Favorite book when you were a child:
I read and reread Susan Cooper's The Dark Is Rising series, Madeleine L'Engle's Time Quintet, Sherryl Jordan's Winter of Fire and Lois Lowry's The Giver. As one can tell, I liked fantasy. Still do.
On your nightstand now:
My nightstand is where I put the books I am determined to read right away; my TBR pile lives on a shelf next to my desk and in my wish list on iTunes. On my nightstand right now is The Last Cigarette on Earth by Benjamin Alire Sáenz. In my first year of sobriety, I read his YA novel Last Night I Sang to the Monster at least three times. Someone recently suggested The Last Cigarette on Earth knowing how touched I was by Monster. Also on my nightstand? Undivided by Neal Shusterman. It's been an actual decade since I read the first book and I have somehow yet to finish reading the series.
Your top five authors:
A top five of all time is impossible. So, instead, books that have recently ripped open my soul were written by Elizabeth Acevedo, April Genevieve Tucholke, Kekla Magoon, Joy McCullough and Minh Lê and Dan Santat.

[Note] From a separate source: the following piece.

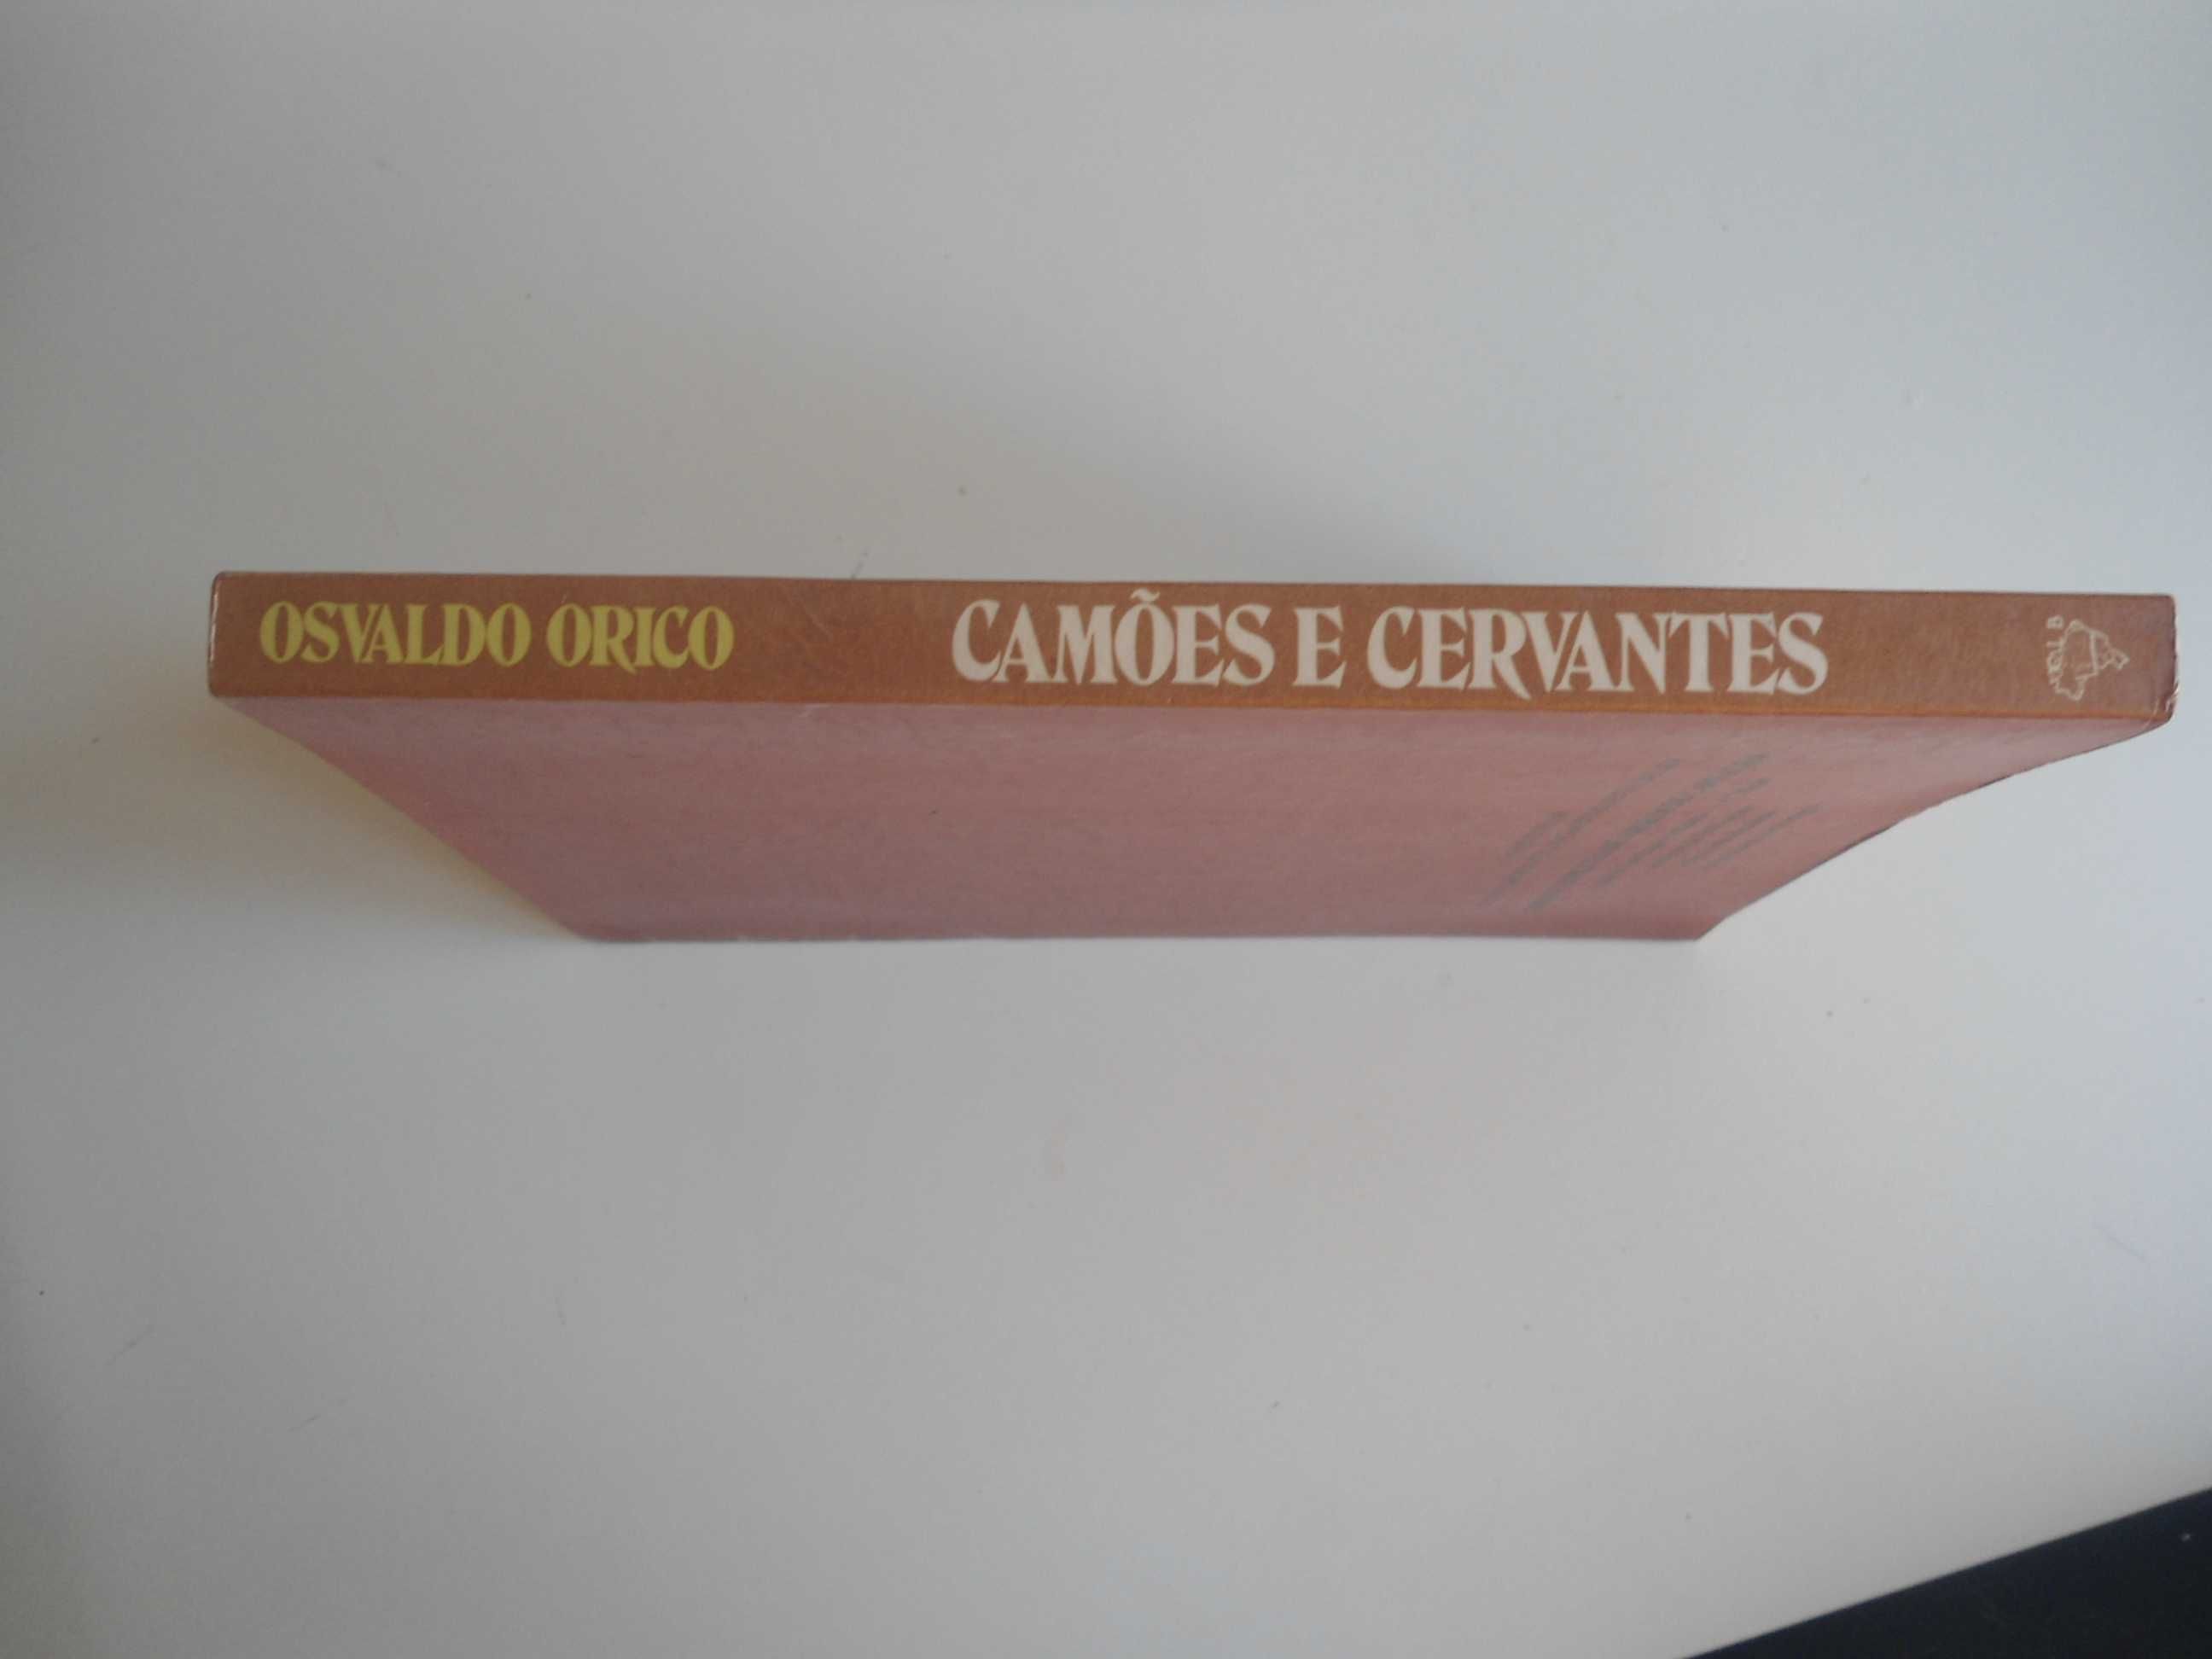 Camões e Cervantes por Osvaldo Orico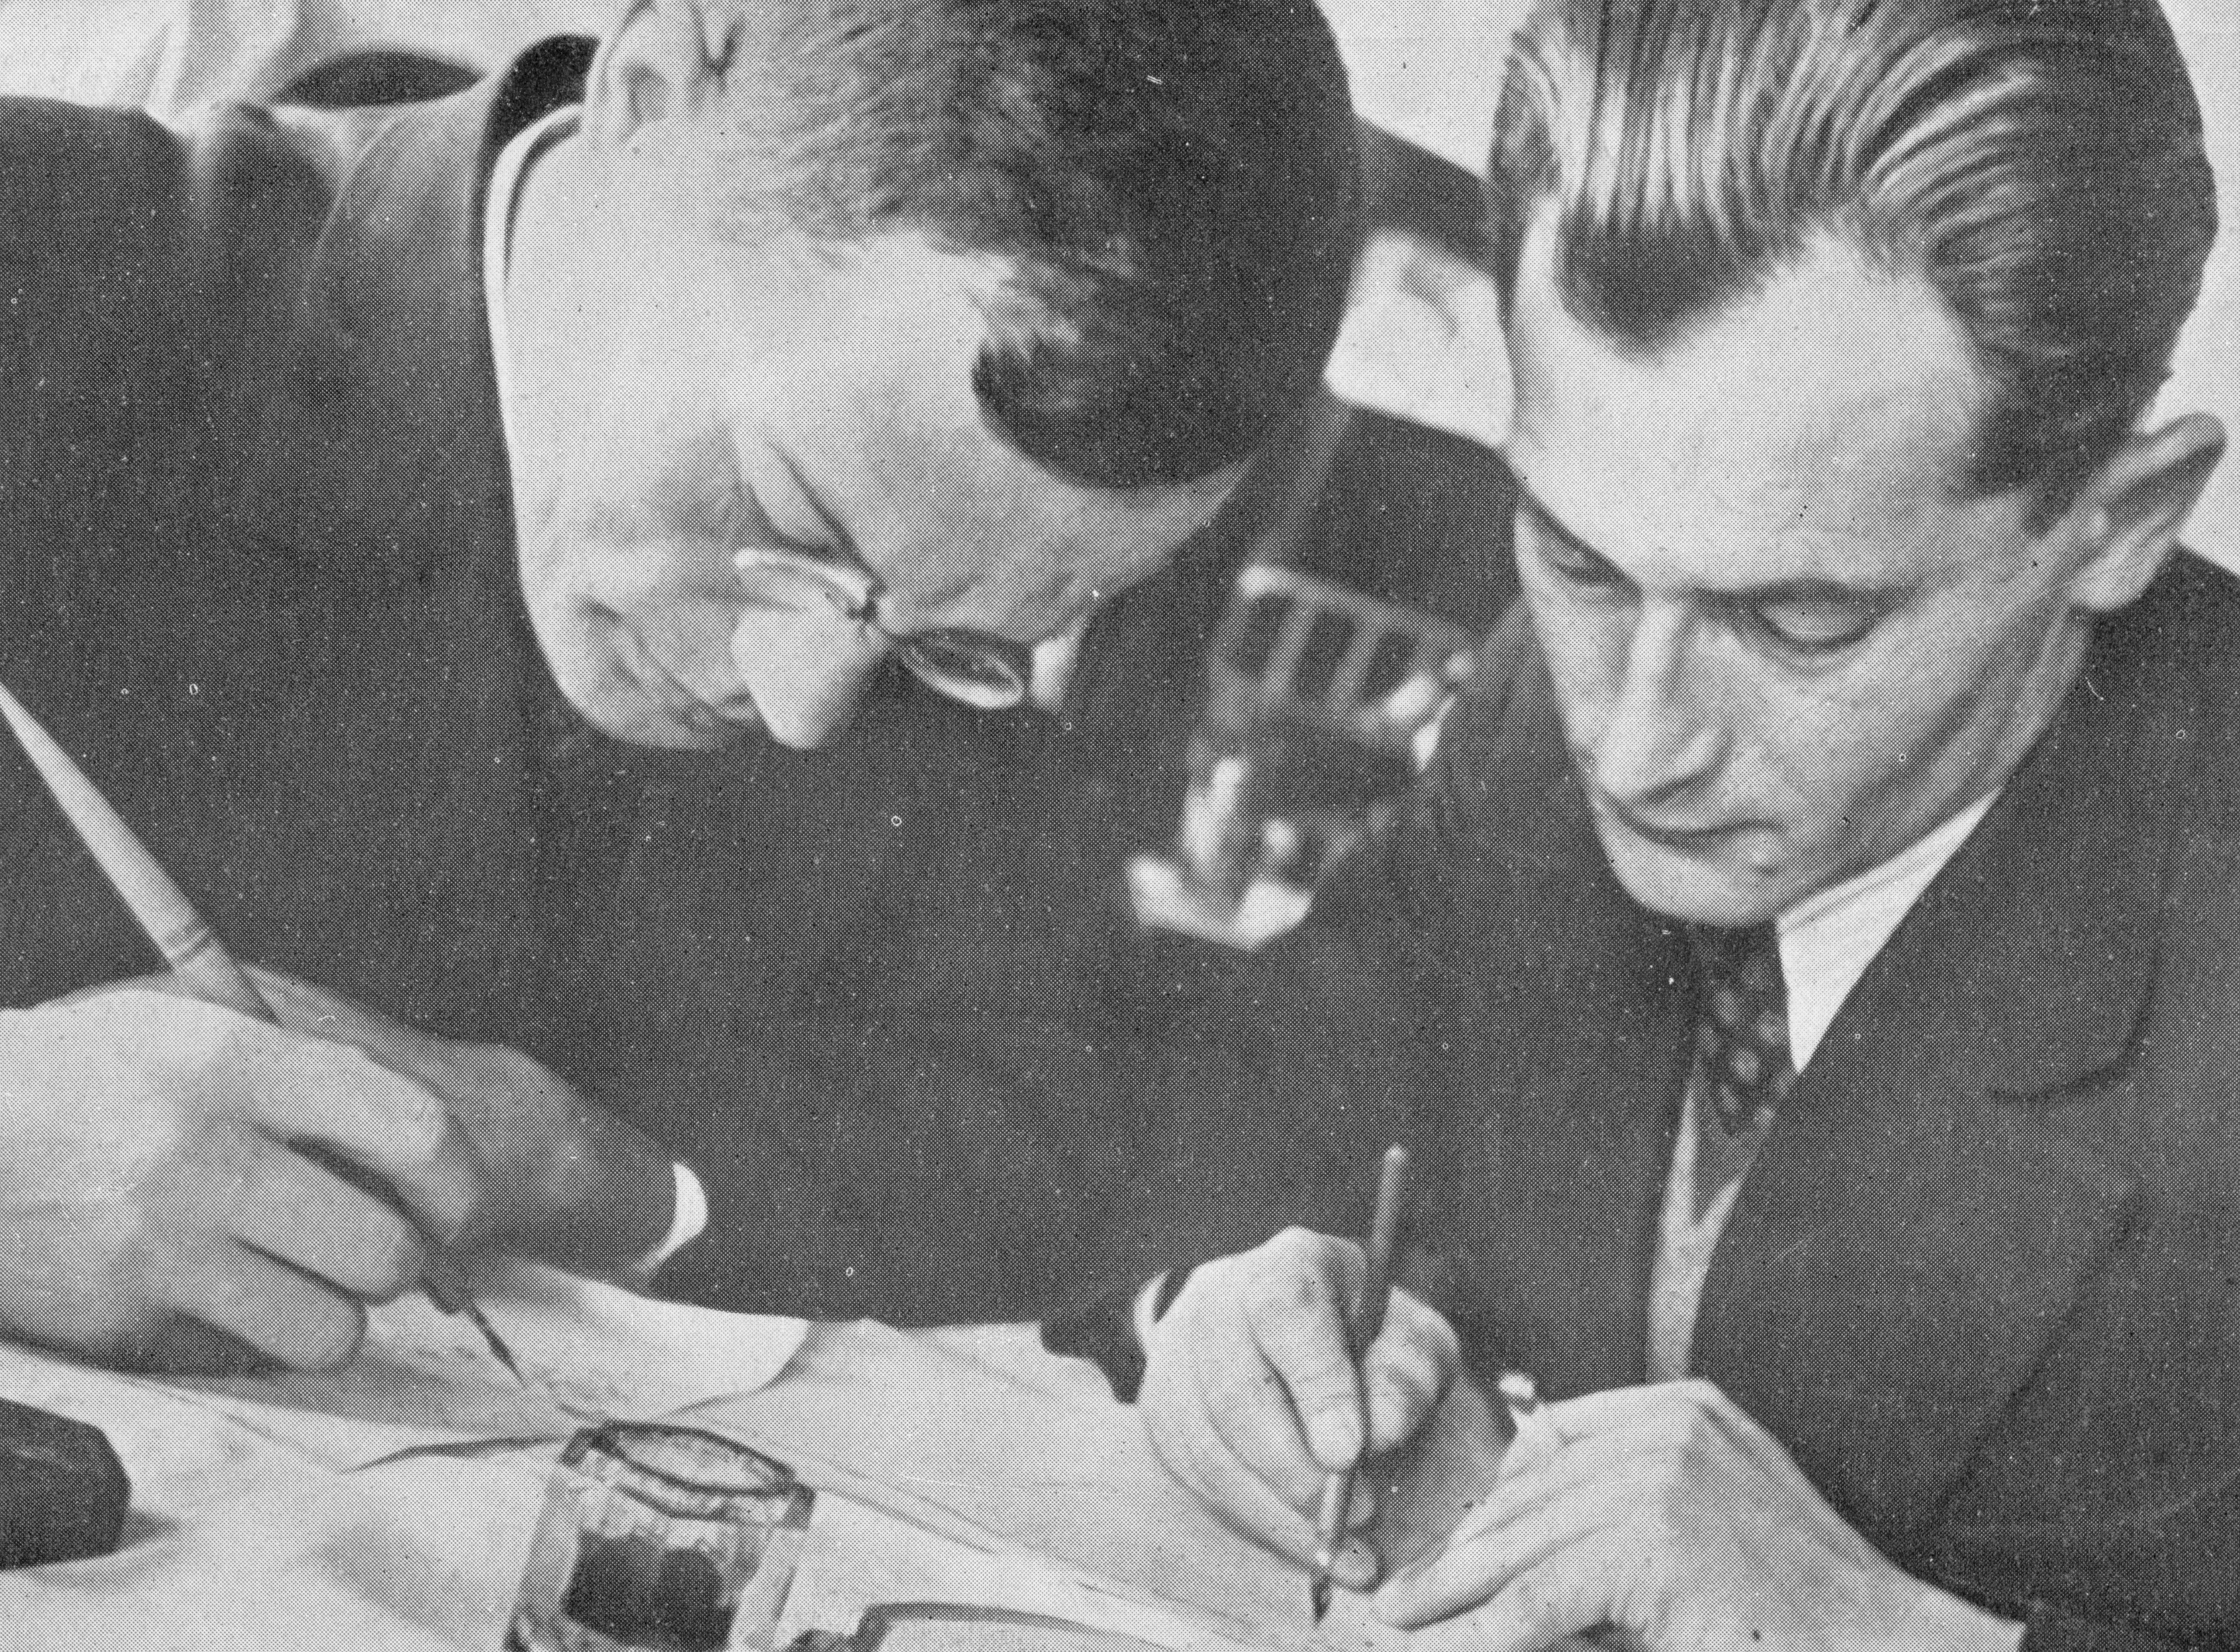 Taking on the establishment: Ilf, left, and Petrov circa 1940

Book you've faked reading:
Any and all assigned reading by Mark Twain. Also anything by the Brontës. Ugh, Jane Eyre.
Book you're an evangelist for:
The Graveyard Book by Neil Gaiman. It is a perfect middle-grade book. Everyone should read it and I promise won't be upset if you don't like it. One of my very best friends doesn't like it. He's wrong. But I'm not upset about it. Oh! And Most Dangerous: Daniel Ellsberg and the Secret History of the Vietnam War by Steve Sheinkin. That man somehow makes the literal copying of paper a suspenseful and wholly engaging read.
Book you've bought for the cover:
I would guess that a lot of the fantasy I read before I entered the world of publishing was purchased because of the cover. I learned when I was younger that the books I enjoyed looked a certain way and so I always sought those covers out. Garth Nix's Abhorsen series, Anne McCaffrey's Dragonriders of Pern, Diana Wynne Jones's Chrestomanci series....
Book you hid from your parents:
When I was 10 or 11, I read one of my mom's books and I cannot for the life of me remember the title or author. The protagonist was a woman detective and she was on the trail of a serial killer and I remember the book being very sexy. I didn't successfully hide reading it and my mom was... not pleased. But I refused to give up the book until I had finished. Exasperated, my mother let me finish but then went in to school with me the next day and begged my teacher to give me appropriate reading materials.
Book that changed your life:
Anything I read with a developing mind changed my life. The Dark Is Rising shaped my worldview; His Dark Materials changed the way I saw books. This is why I care so much about children's literature: any and every book given to a child or teen can change or shape a life.
Favorite line from a book:
"It is the first day of November and so, today, someone will die." --Maggie Stiefvater, The Scorpio Races. If you have not yet read The Scorpio Races, go do so immediately. It's cool--I'll wait.
Five books you'll never part with:
I would be very sad to give up my paperback box set of The Dark Is Rising because the books have been read so many times, the bindings barely hold the pages together. I brought that horribly embarrassing box to a Susan Cooper signing and asked her to sign the browning-around-the-edges title page of The Dark Is Rising. I did the same with my childhood paperback copy of The Giver and Lois Lowry. My His Dark Materials paperbacks are also pretty special to me--I bought all three of them in an English-language bookstore while I was in school in China and they got passed around what felt like the entire school. At least 15 people have held and loved those three books.
Book you most want to read again for the first time:
Strange the Dreamer by Laini Taylor. That book is so imaginative and powerful and the writing itself is so damn beautiful. I would eagerly hand her my heart and allow her to break it all over again.